Abstract

New methods to 3D print multiphase materials with tailored microstructures could expand additive manufacturing capabilities to include structures with unprecedented complexity. One promising technique to control microstructure is acoustic focusing, a method by which particles in a fluid are manipulated by acoustic waves. By combining acoustic focusing with direct ink writing (where fluid inks are solidified after extrusion), the distribution of particles in fluid matrices can be modified throughout print lines. Here, we describe the design space for acoustic focusing with direct ink writing and explore the associated trade-offs, for inks composed of epoxy resin, silica, acetone, and glass microspheres. Increasing silica content increases the viscosity, widening the spatial distribution of particles, but it improves the preservation of printed shapes.

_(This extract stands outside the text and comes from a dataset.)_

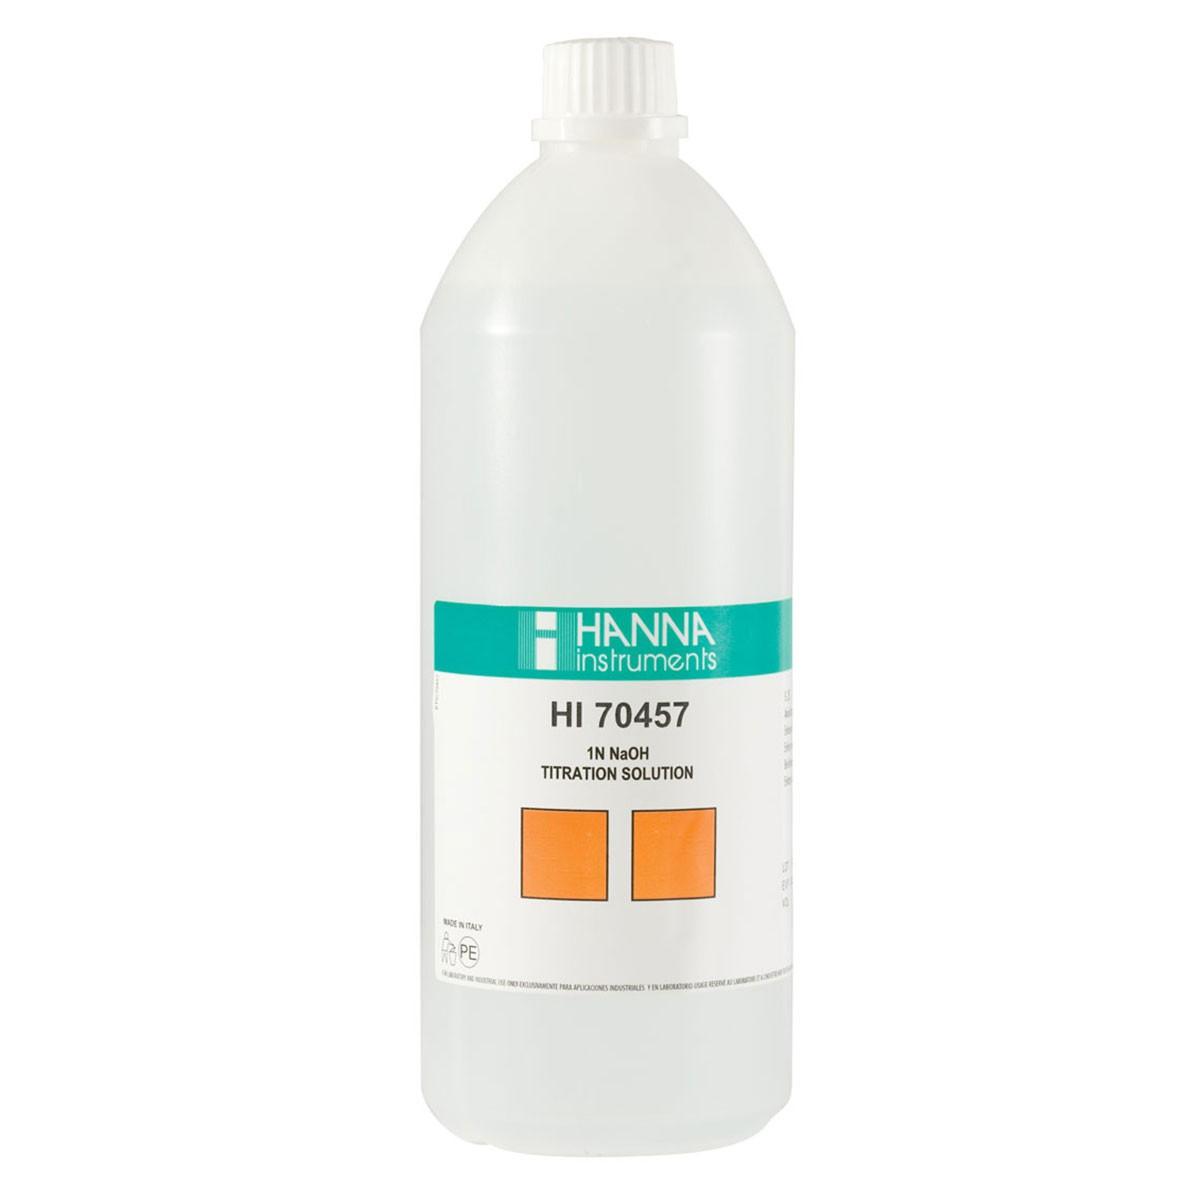 Sodium Hydroxide 1N, 1L - HI70457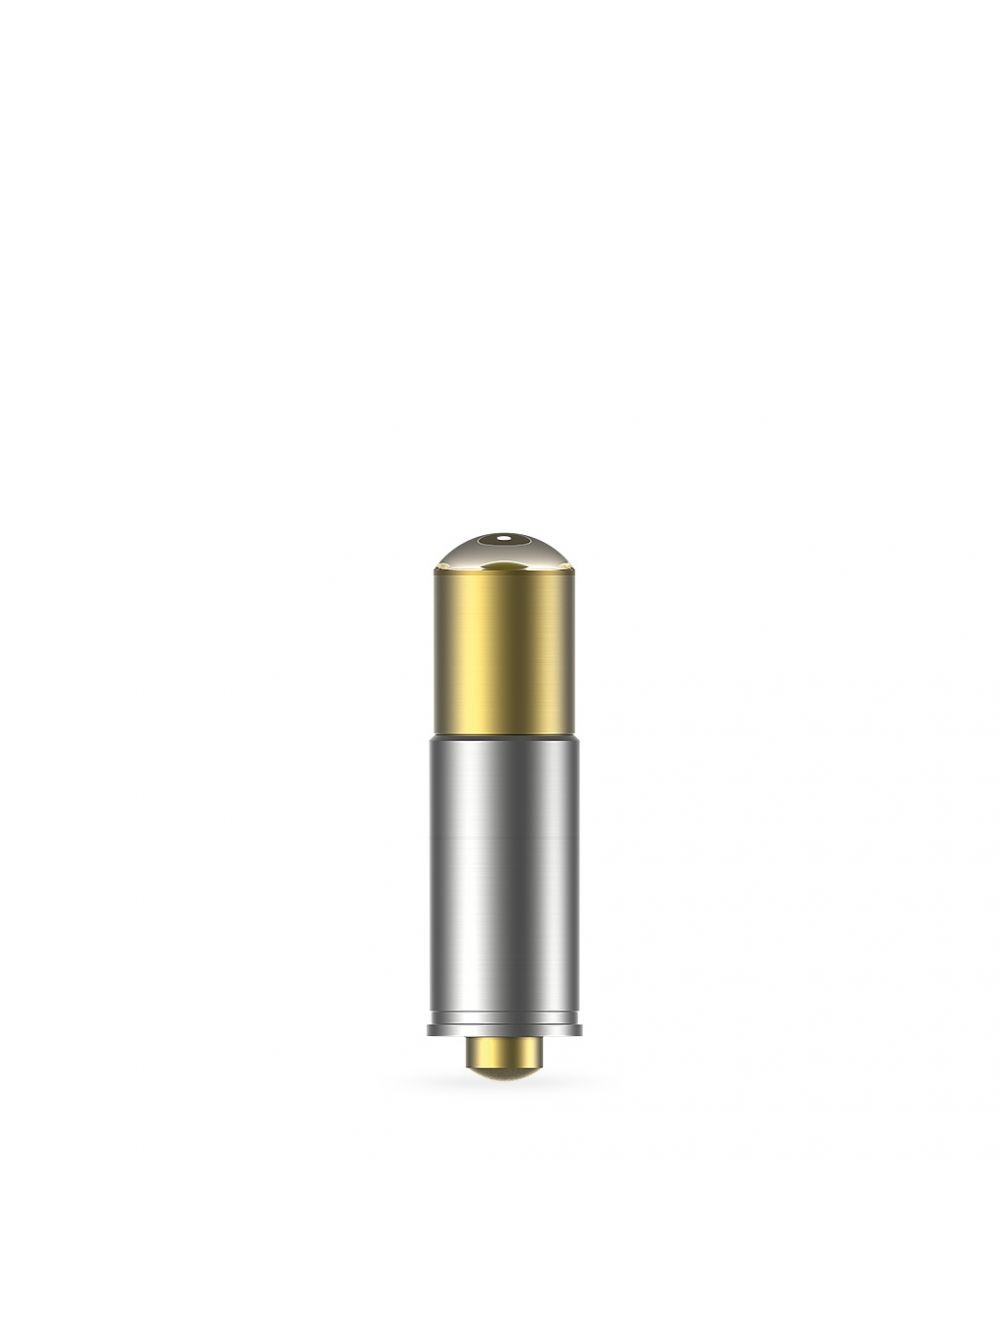 MK-dent LED Lampe BU8012WH

Increasing the amplitude of the acoustic wave and decreasing the printing speed allow for narrower distributions of particles in printed lines but increase the time and energy needed for the print. To quantify these trade-offs, we conducted a combinatorial study of four factors: fumed silica and acetone loadings in epoxy-based matrices (which control ink rheology), print speed, and acoustic wave amplitude. We show that after deposition, particle distributions within focused lines are preserved; particle-poor regions on the edges of focused lines spread out farther than the particle-rich regions in the middle. The present study relating device operating parameters, ink properties and printed microstructures structure provide key insights to future designs of actuated print nozzles, which target new microstructures enabled by field-assisted control.